◆ TASK OBJECTIVE: The full listing is to be transcribed exactly, with each picture left out.
(SUPPLIED MATERIAL)
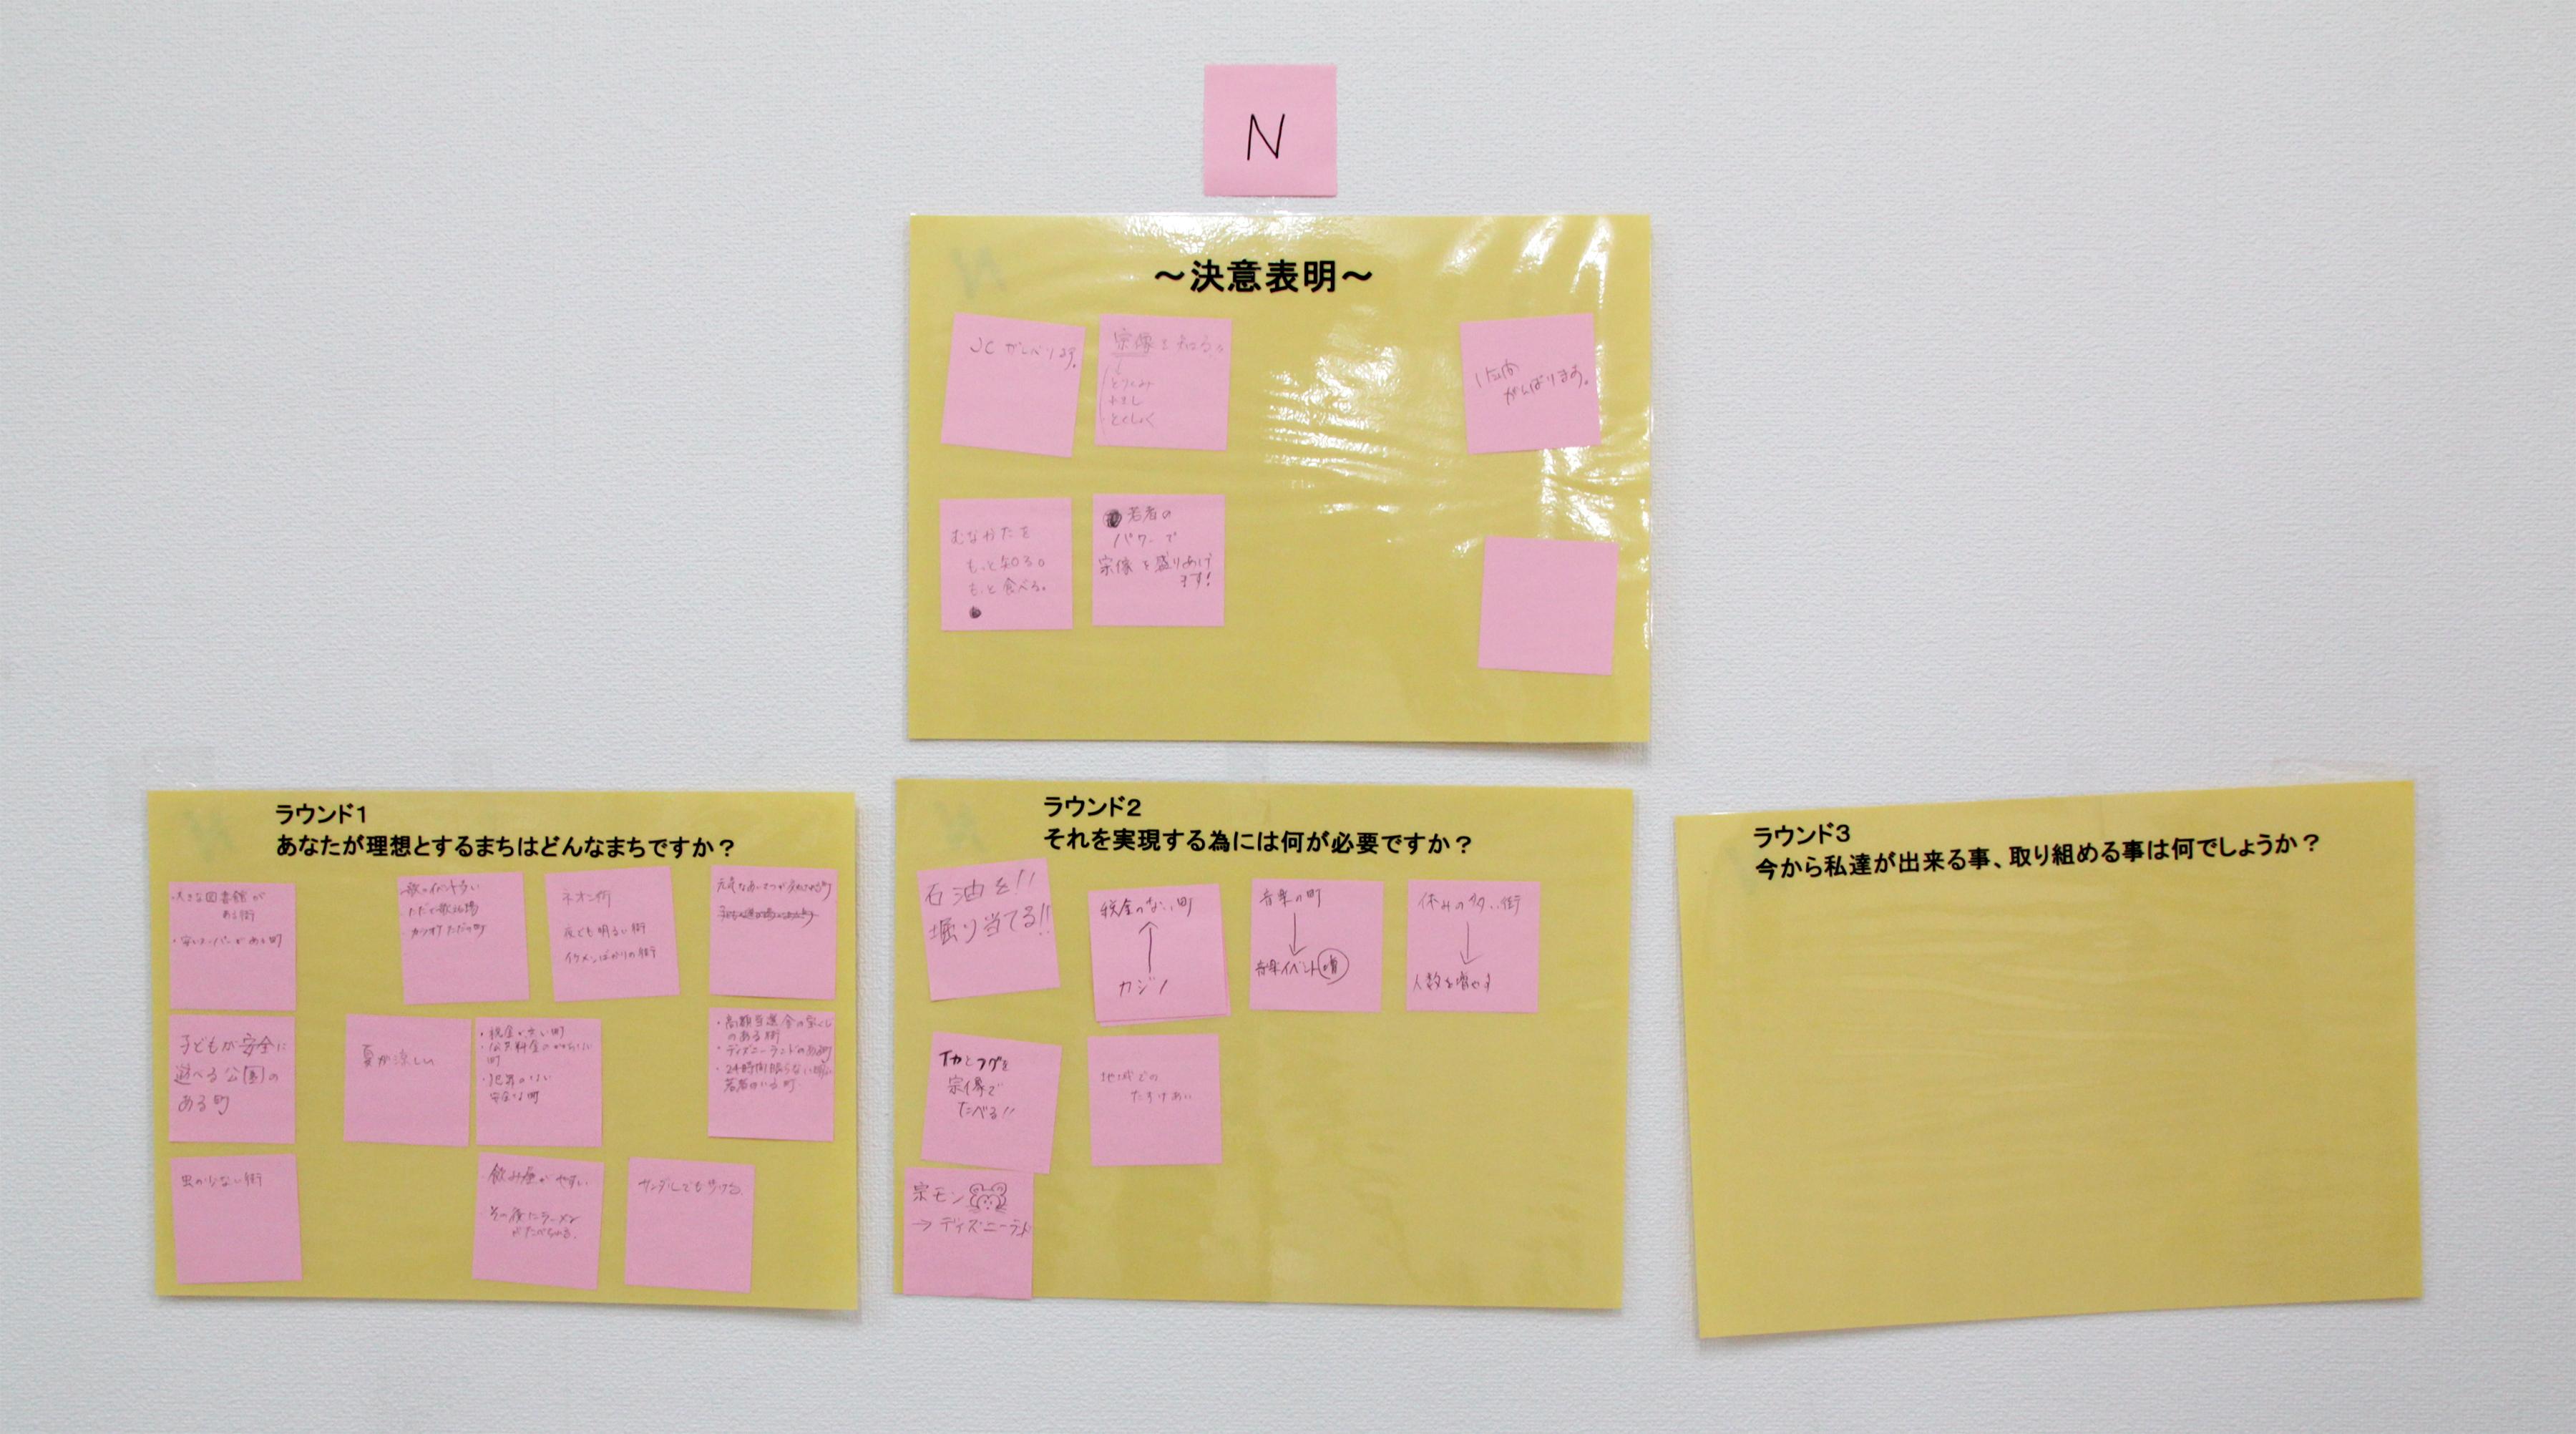 http://www.munakatajc.com/active/2013101723.jpg
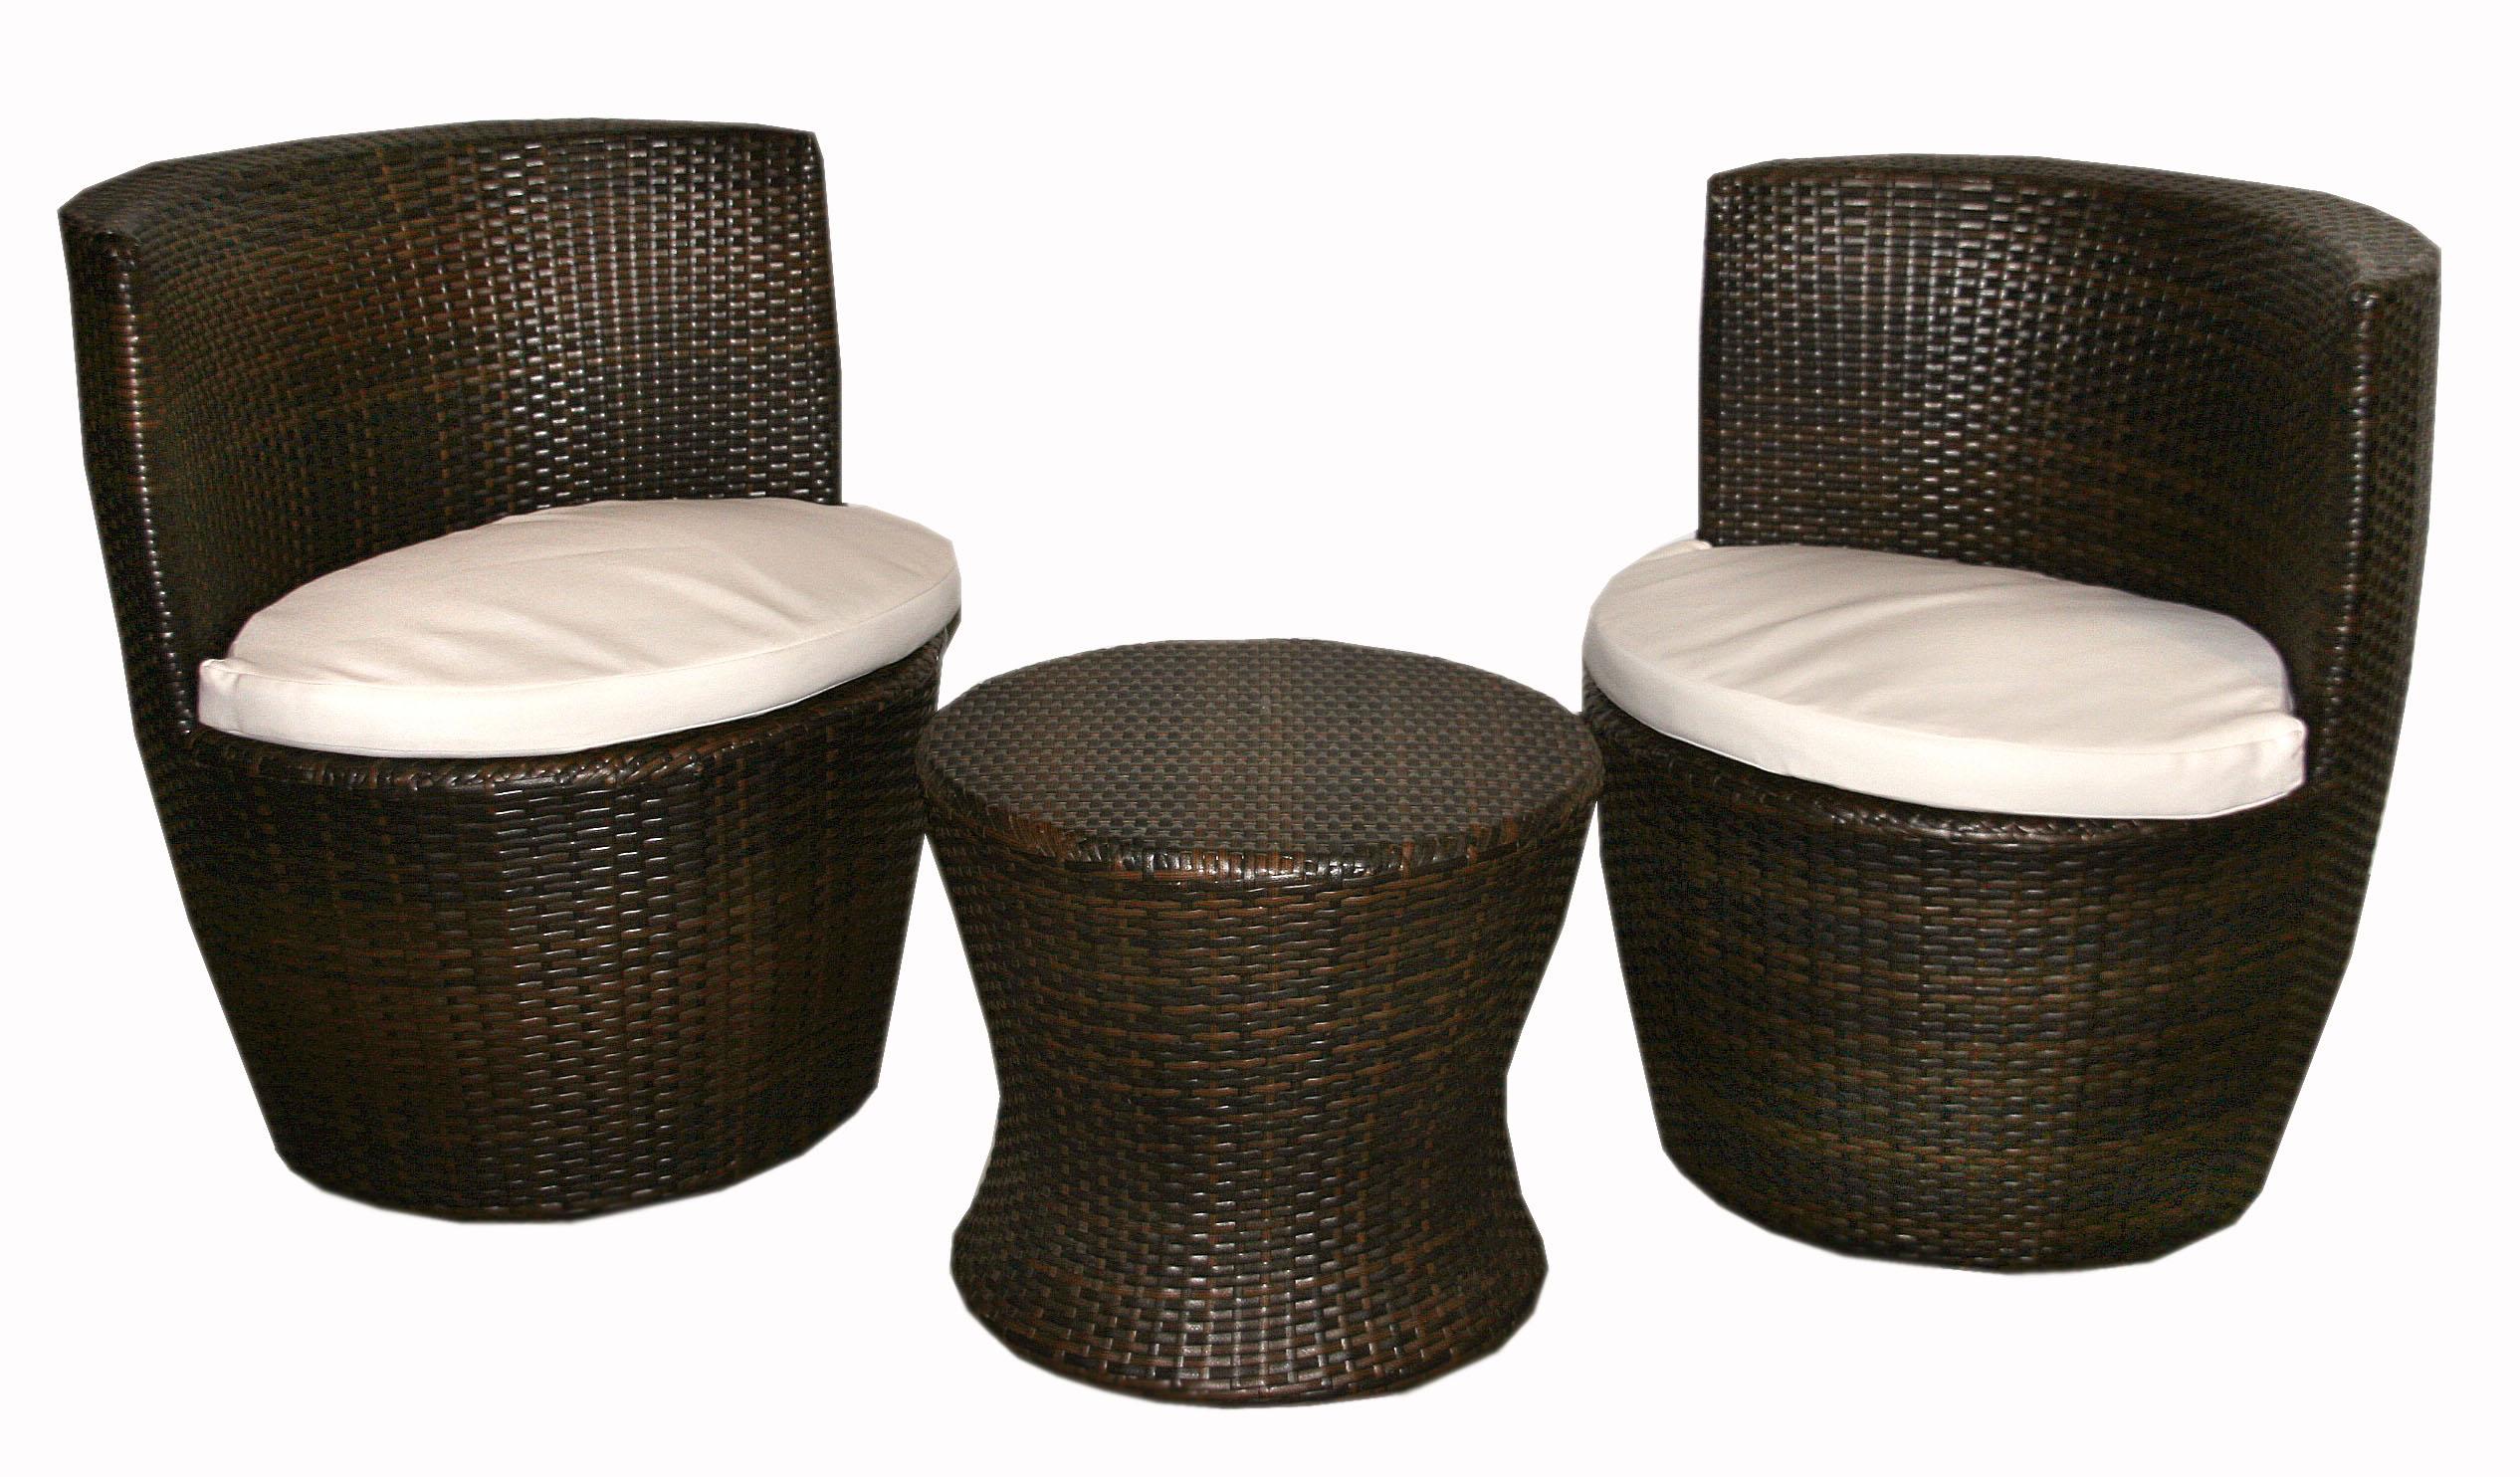 Alquiler de conjunto dos sillones mesa mimbre marr n - Sillas y sillones de mimbre ...
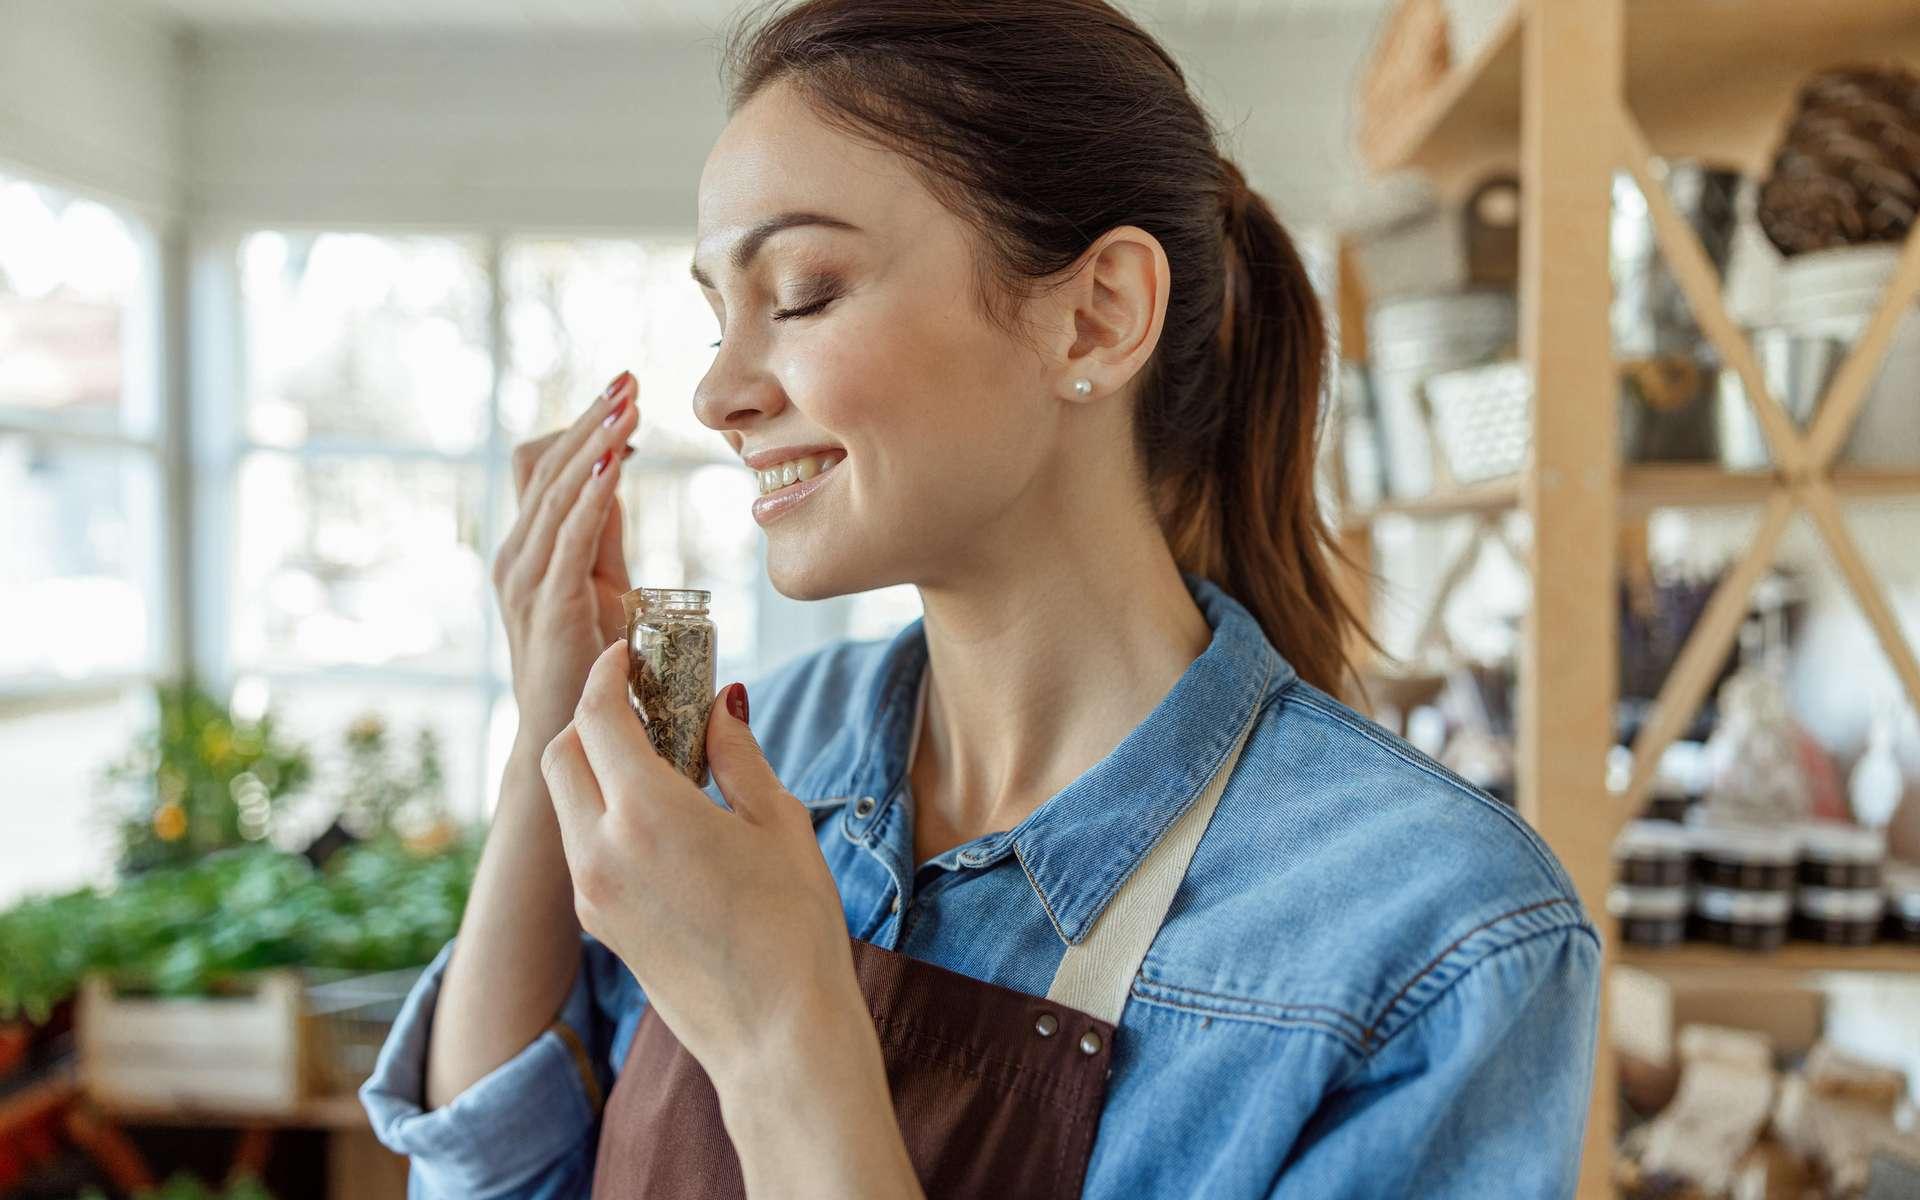 L'odorat est l'un des cinq sens humains. © Yakobchuk Olena, Adobe Stock
(End SUPPLIED MATERIAL)
◆ ANSWER BOX:
 http://www.munakatajc.com/active/2013101723.jpg
 Alquiler de conjunto dos sillones mesa mimbre marr n - Sillas y sillones de mimbre ...
 L'odorat est l'un des cinq sens humains. © Yakobchuk Olena, Adobe Stock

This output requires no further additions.